Tag der Freien Schulen Baden-Württemberg am 25. November 2016

Den heutigen 25. November 2016 hat die Arbeitsgemeinschaft Freier Schulen in Baden-Württemberg erneut zum „Tag der Freien Schulen“ ausgerufen. Die Trägerverbünde der Freien Schulen möchten mit diesem Tag auf die Vielfalt und Innovationskraft, die von der Arbeit der Freien Schulen ausgeht, aufmerksam machen. Die Freien Schulen sind wichtiger und etablierter Bestandteil der baden-württembergischen Schullandschaft und bereichern diese auf vielfache Weise durch alternative Lern- und Lehrkonzepte. Die Besuche in den Freien Schulen ermöglichen den Landespolitikern nicht nur, deren Schulalltag kennen zu lernen, sie können sich darüber hinaus auch über neue Konzepte und Ideen informieren, mit denen die Freien Schulen den Herausforderungen begegnen, die Gesellschaft und Bildungspolitik an die Schulen stellen.

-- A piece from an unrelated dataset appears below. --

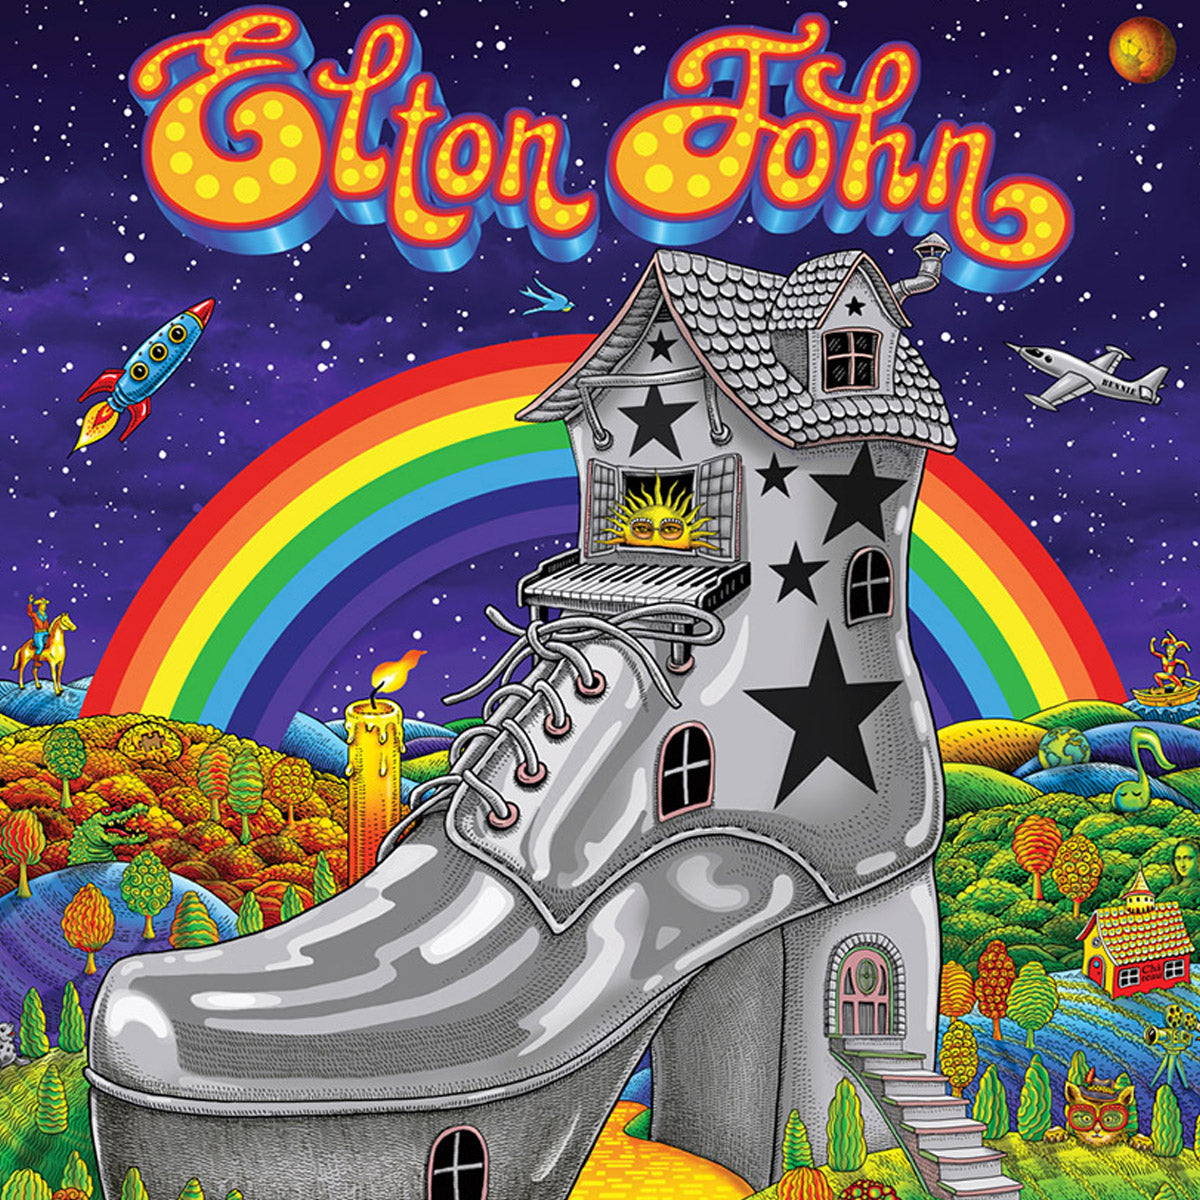 Elton John Las Vegas November 1, 2022 by Emek (Artist Proof Edition)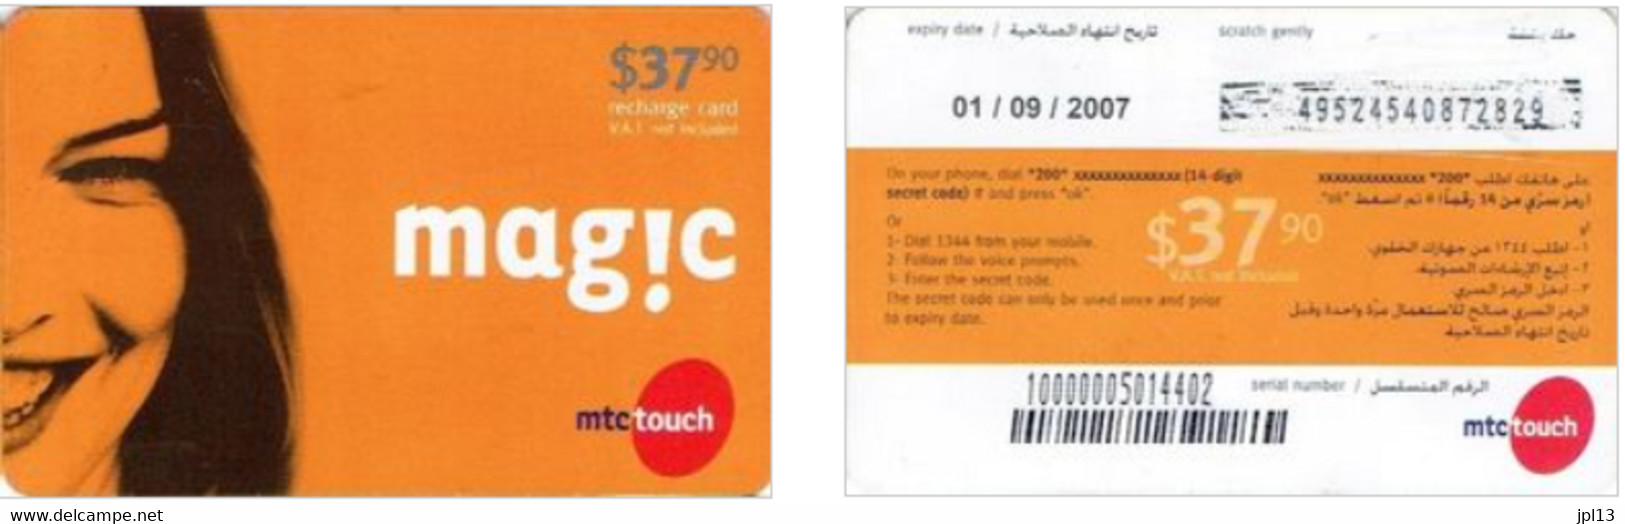 Recharge GSM - Liban - MTC Touch - Magic - Woman $37,90, Exp. 02/02/2007 - Lebanon

Anlässlich des „Tages der Freien Schulen“ konnte Gesamtschulleiter PD Dr. Axel Bernd Kunze Herrn Claus Paal, den örtlichen Landtagsabgeordneten aus Weinstadt, an der Evangelischen Fachschule für Sozialpädagogik Weinstadt begrüßen. In einem Hintergrundgespräch mit der Schulleitung und der Fachschaft Gemeinschaftskunde informierte er sich über Ausbildungsmöglichkeiten, Fortbildungsangebote und Schwerpunkte der Schulentwicklung. Beide Seiten waren sich darin einig, dass die Freien Schulen in Baden-Württemberg verlässliche finanzielle und personalpolitische Rahmenbedingungen benötigen. Beeindruckt zeigte sich der Arbeits- und Wirtschaftspolitiker nicht zuletzt von der hohen Durchlässigkeit und Anschlussfähigkeit der Ausbildungsmöglichkeiten, welche die Fachschule anbietet: Die Bandbreite reicht von der Kinderpflegeausbildung für Bewerber mit Hauptschulabschluss über die Erzieherausbildung für Realschüler und Gymnasiasten bis zum Erwerb eines Bachelorabschluss im Integrierten Studienmodell, das die Schule künftig mit der Evangelischen und Pädagogischen Hochschule in Ludwigsburg anbieten wird. Vereinbart wurde eine Zusammenarbeit mit der neugegründeten „Forscherfabrik Schorndorf“. Dadurch kann nicht zuletzt der Profilbereich „Forschen und Experimentieren“ weiter gestärkt werden.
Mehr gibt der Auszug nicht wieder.